_To do_:
Word for word, restate the lines of the listing below from the line with "Electric Glass Kettle" through the line with "Absorbia Moisture Absorber", and do not include the pictures.

-- Material provided follows --

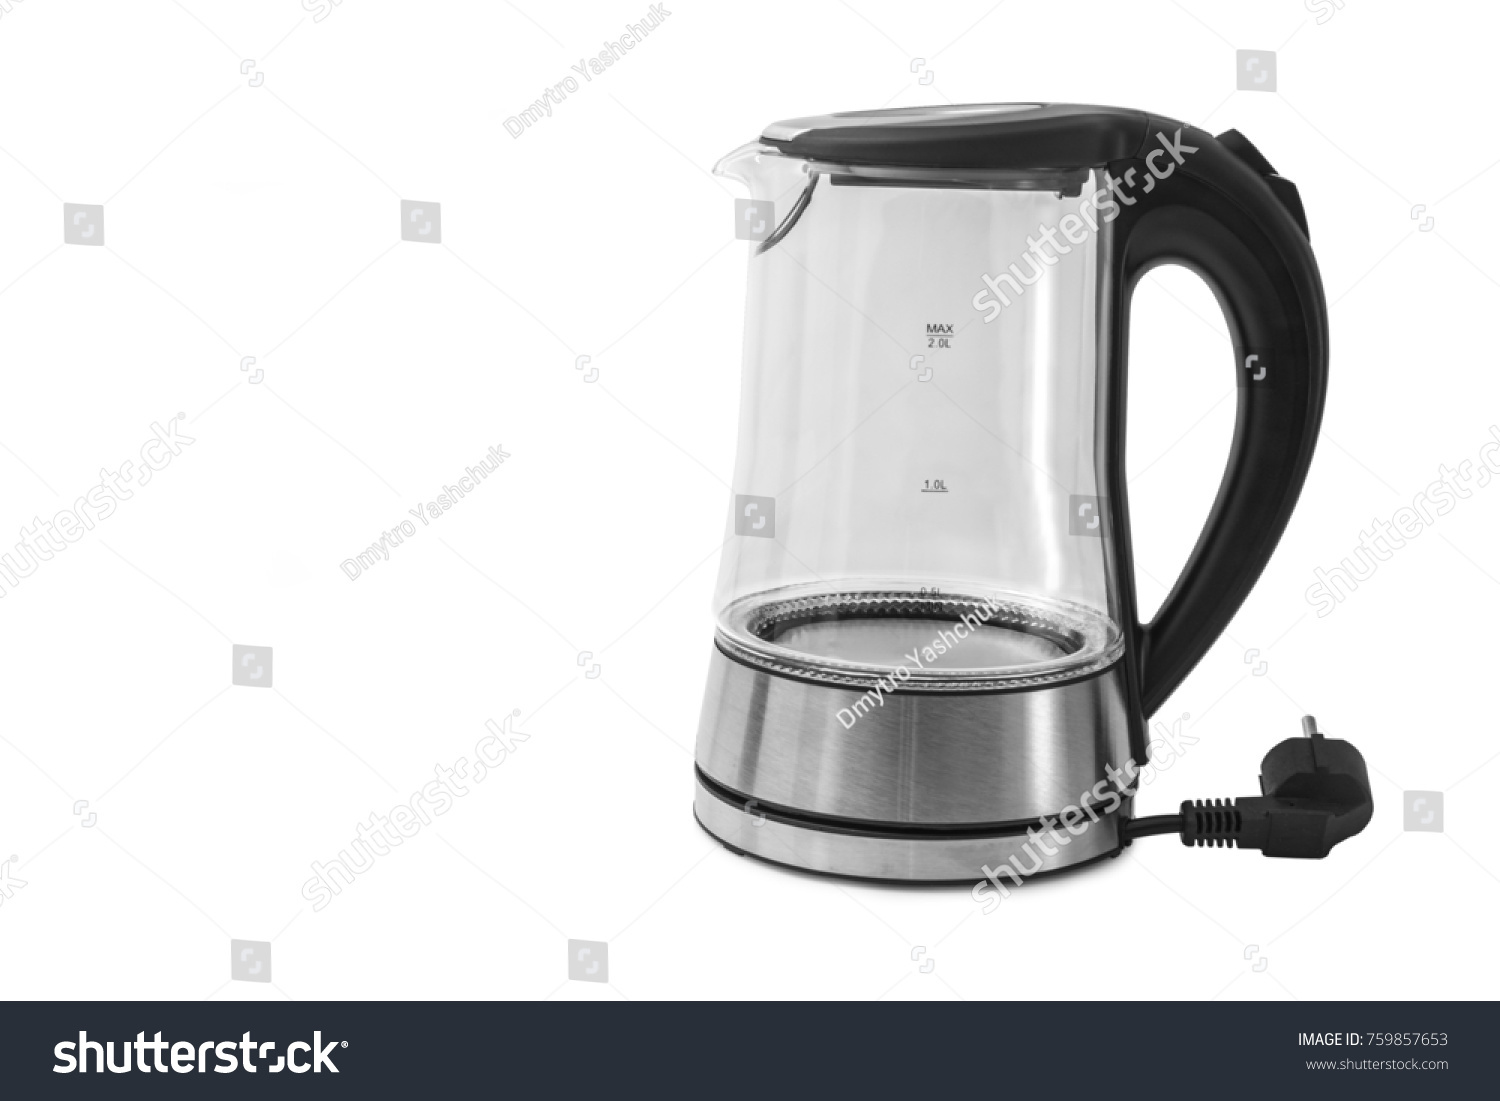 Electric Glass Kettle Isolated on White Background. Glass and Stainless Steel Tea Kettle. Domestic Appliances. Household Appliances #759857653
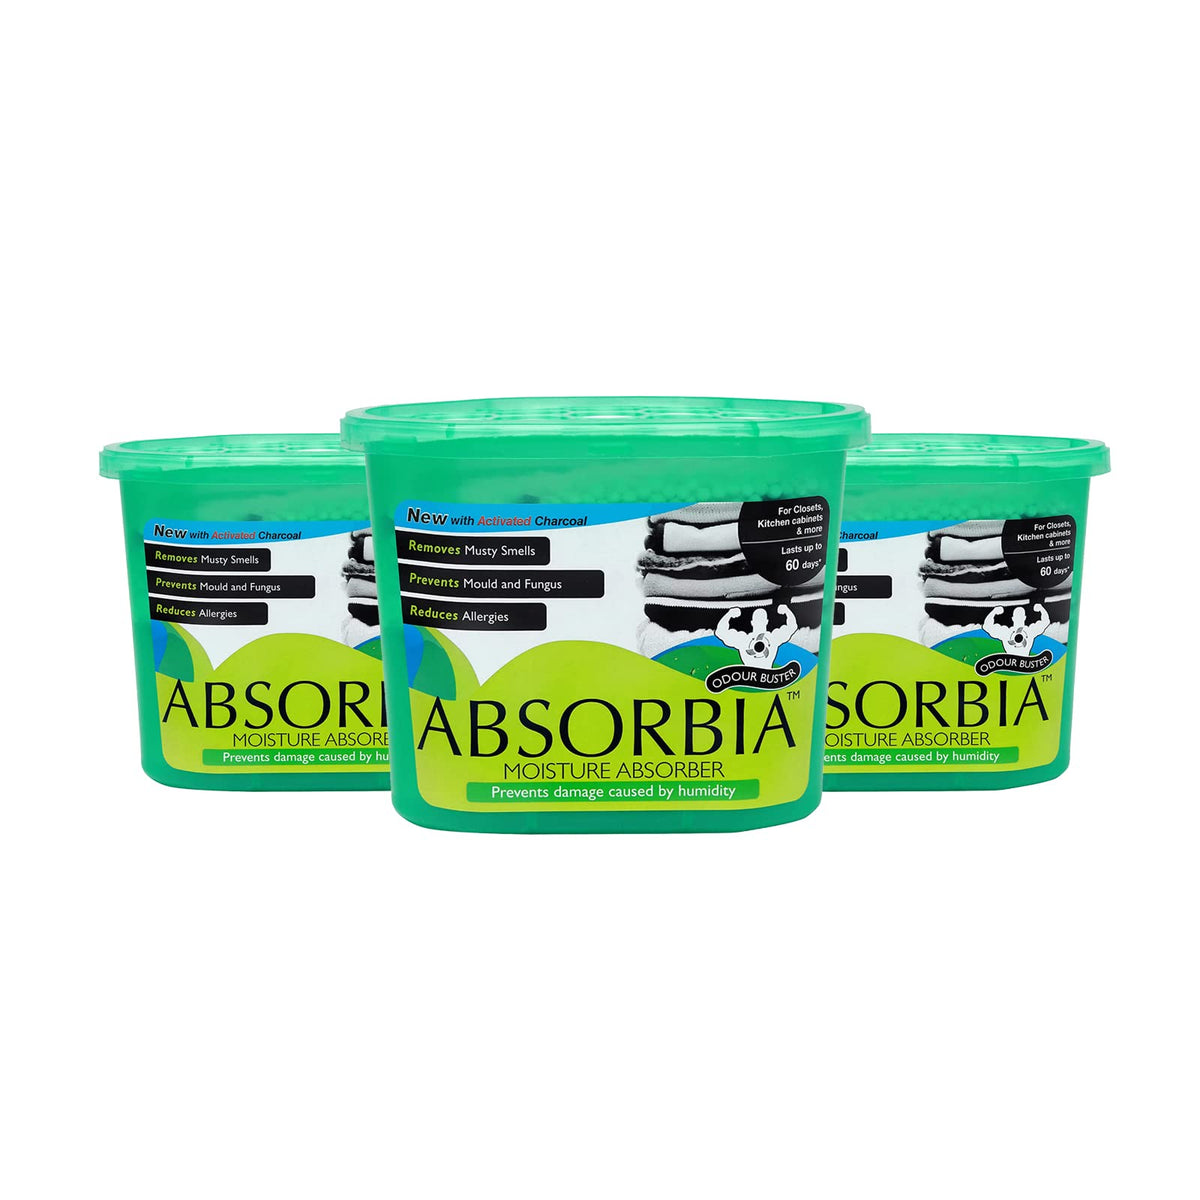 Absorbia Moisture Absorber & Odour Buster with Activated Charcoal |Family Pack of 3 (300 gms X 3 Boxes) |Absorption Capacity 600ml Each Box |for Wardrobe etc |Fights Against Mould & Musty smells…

-- Material provided concluded --
-- Material provided follows --

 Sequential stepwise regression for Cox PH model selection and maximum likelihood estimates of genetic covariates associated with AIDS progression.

-- Material provided concluded --

_Task answer_:
 Electric Glass Kettle Isolated on White Background. Glass and Stainless Steel Tea Kettle. Domestic Appliances. Household Appliances #759857653
 Absorbia Moisture Absorber & Odour Buster with Activated Charcoal |Family Pack of 3 (300 gms X 3 Boxes) |Absorption Capacity 600ml Each Box |for Wardrobe etc |Fights Against Mould & Musty smells…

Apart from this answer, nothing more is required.